## What you have to do
Word-for-word transcription: reproduce all of the data, but not the pictures.

*** Data segment Section Begins ***

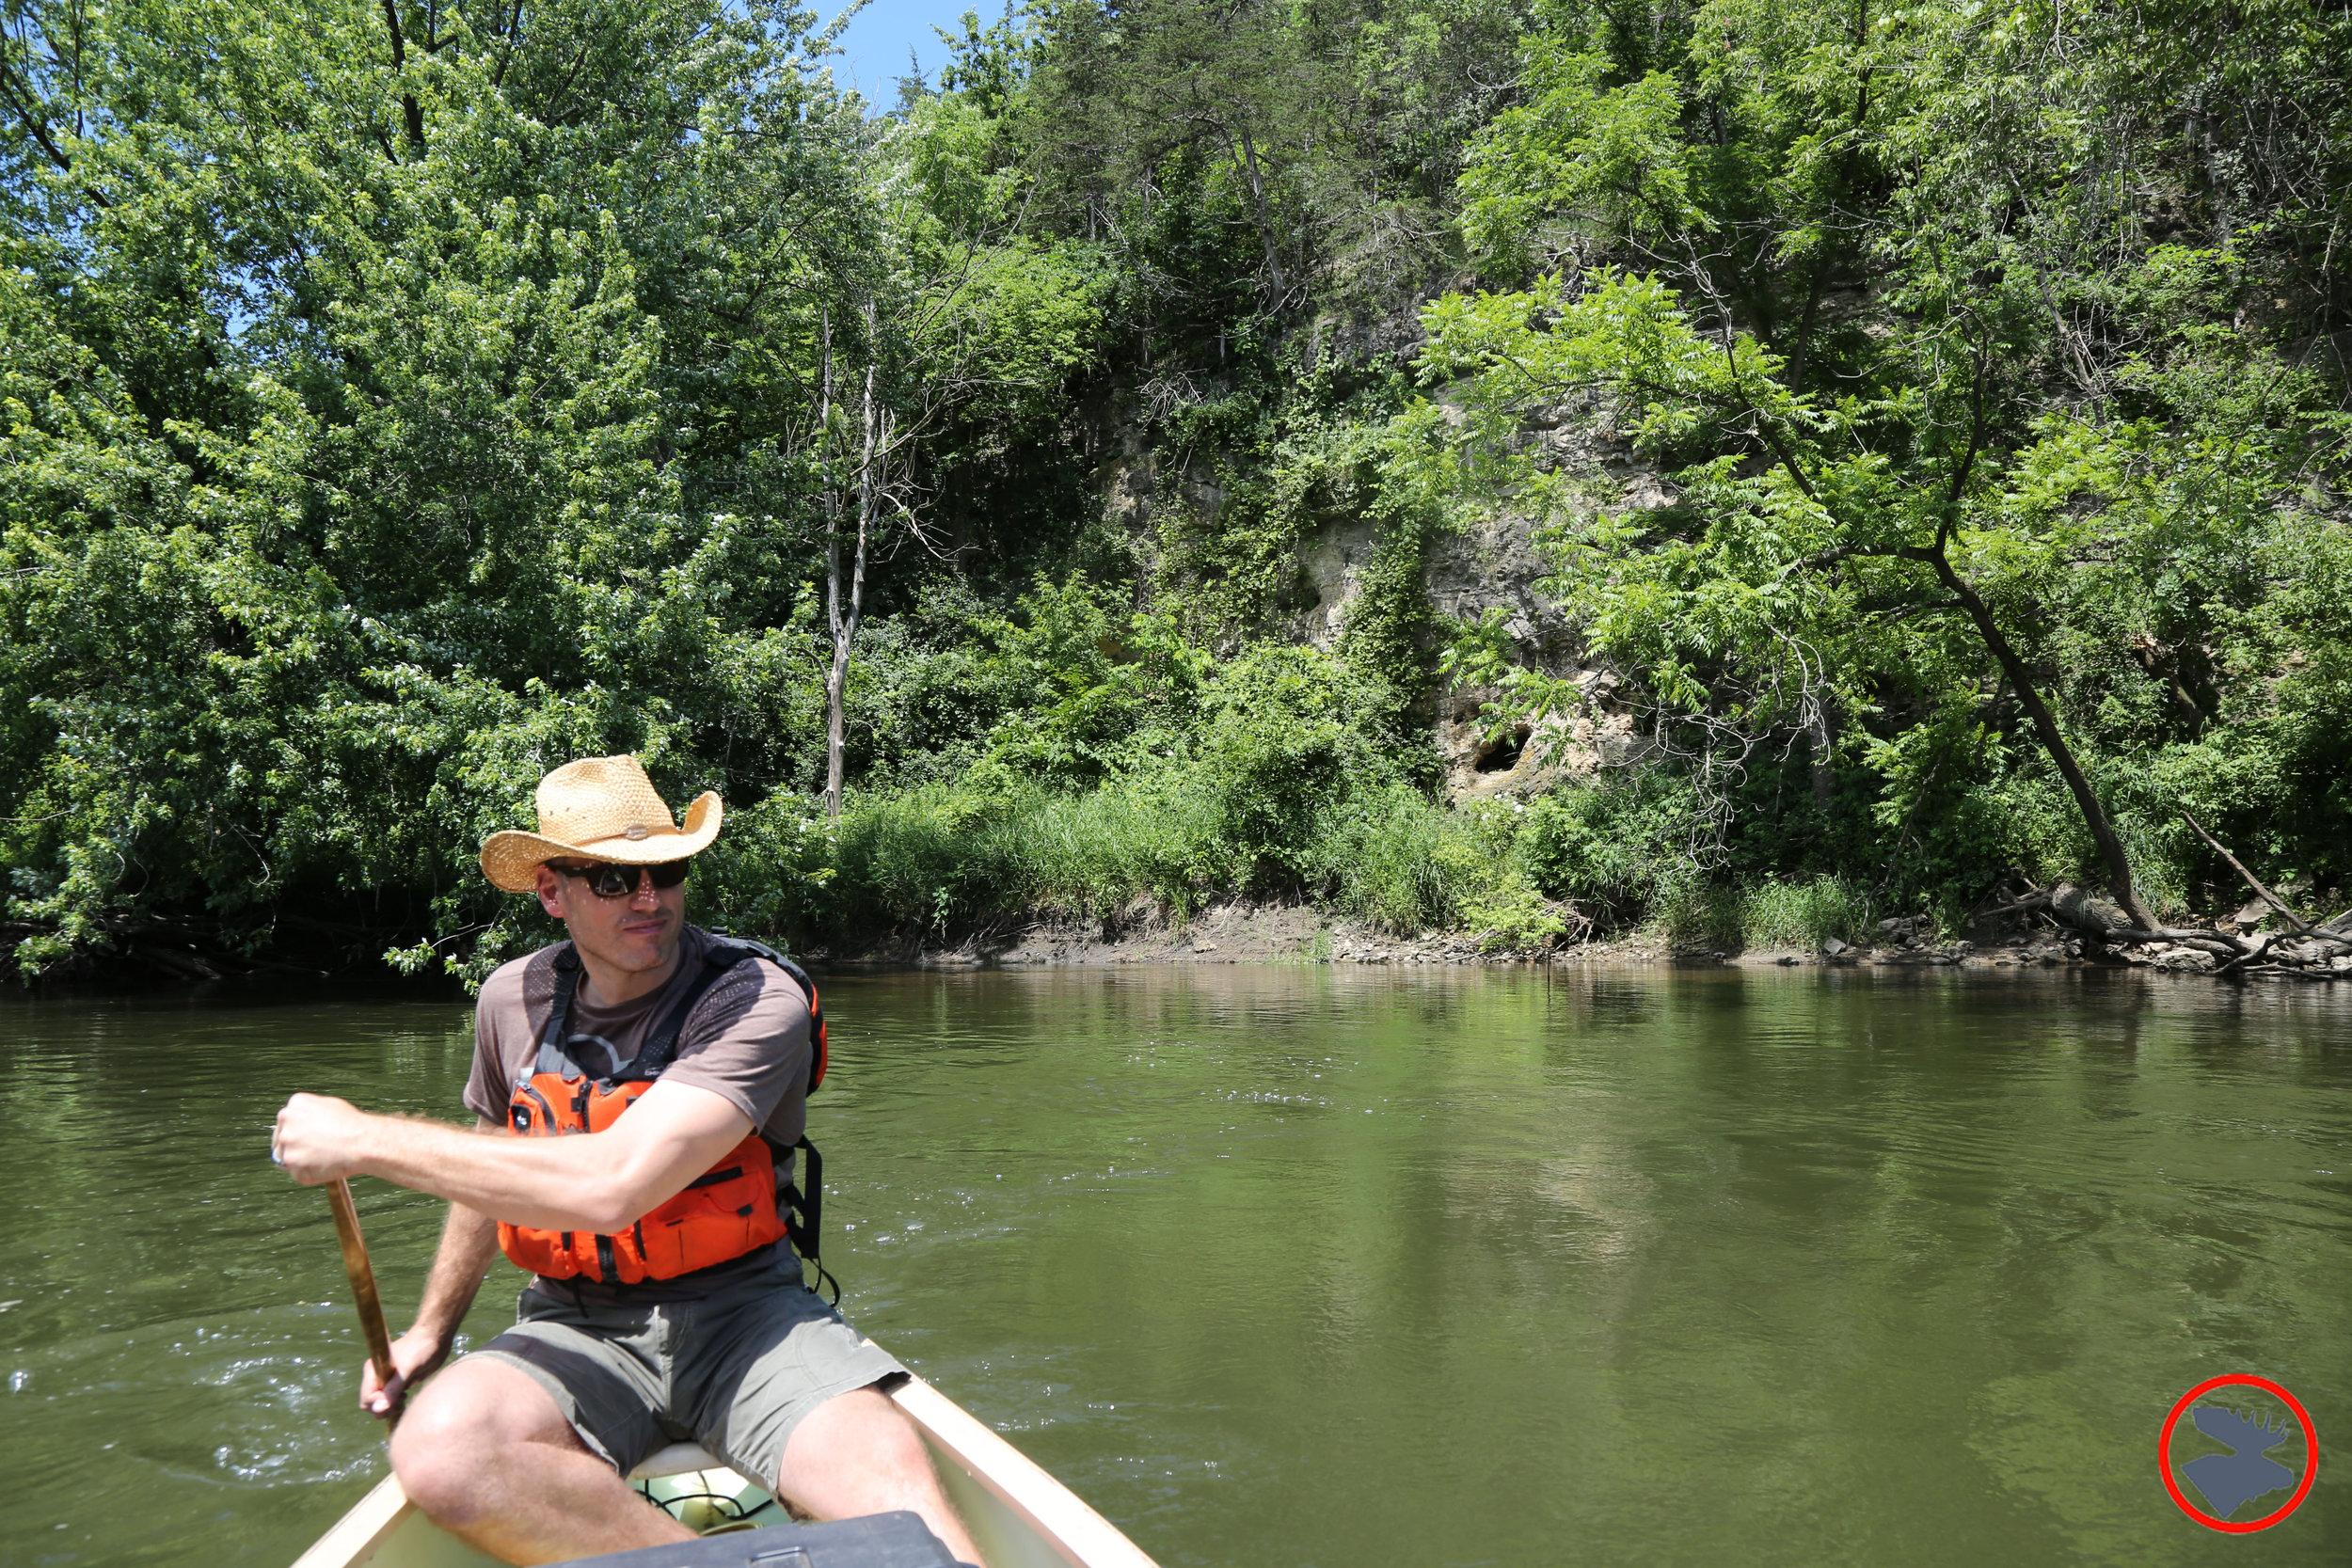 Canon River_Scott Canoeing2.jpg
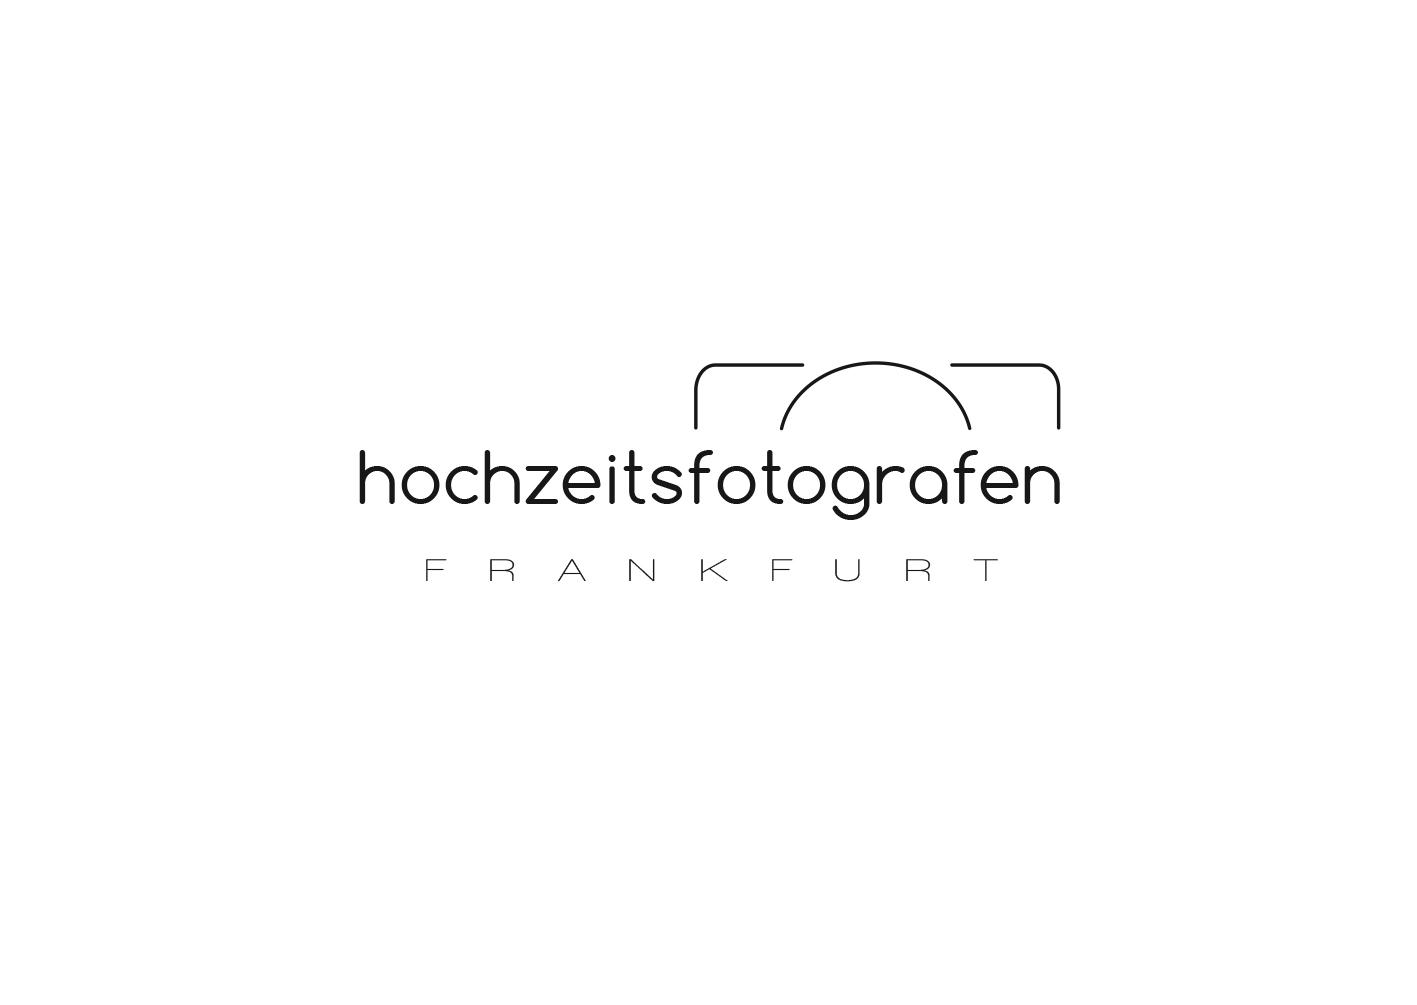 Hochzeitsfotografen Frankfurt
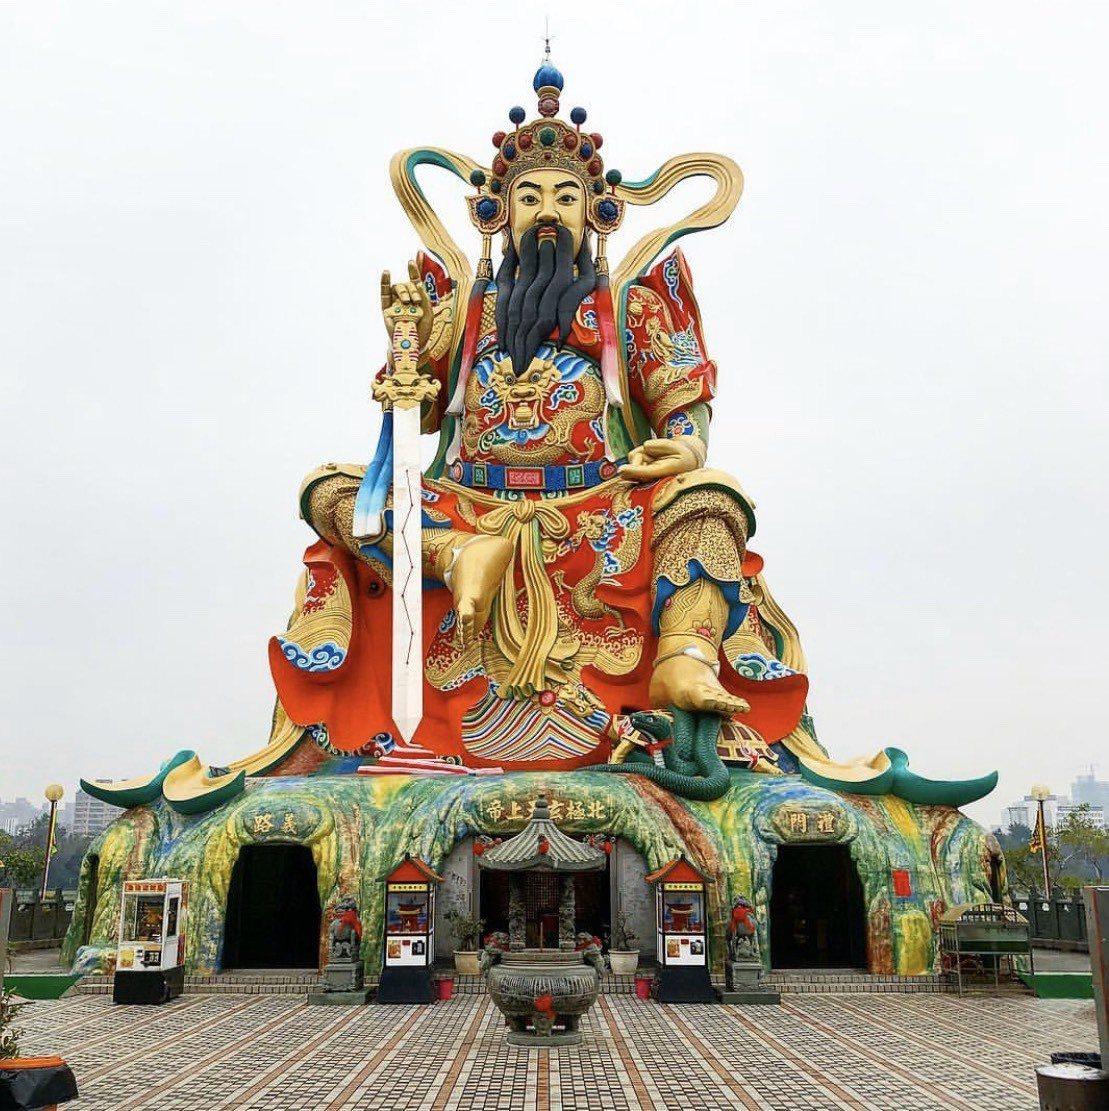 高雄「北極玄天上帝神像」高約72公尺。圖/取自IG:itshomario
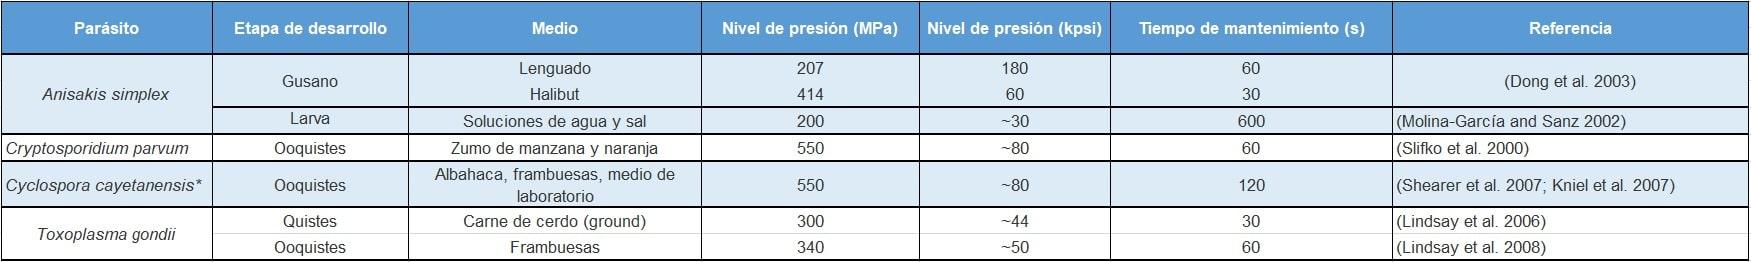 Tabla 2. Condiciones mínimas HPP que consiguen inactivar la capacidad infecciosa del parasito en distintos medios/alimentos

*** Data segment Section Ends ***

## Written reply
 Canon River_Scott Canoeing2.jpg
 Hochzeitsfotografen Frankfurt
 高雄「北極玄天上帝神像」高約72公尺。圖/取自IG:itshomario
 Tabla 2. Condiciones mínimas HPP que consiguen inactivar la capacidad infecciosa del parasito en distintos medios/alimentos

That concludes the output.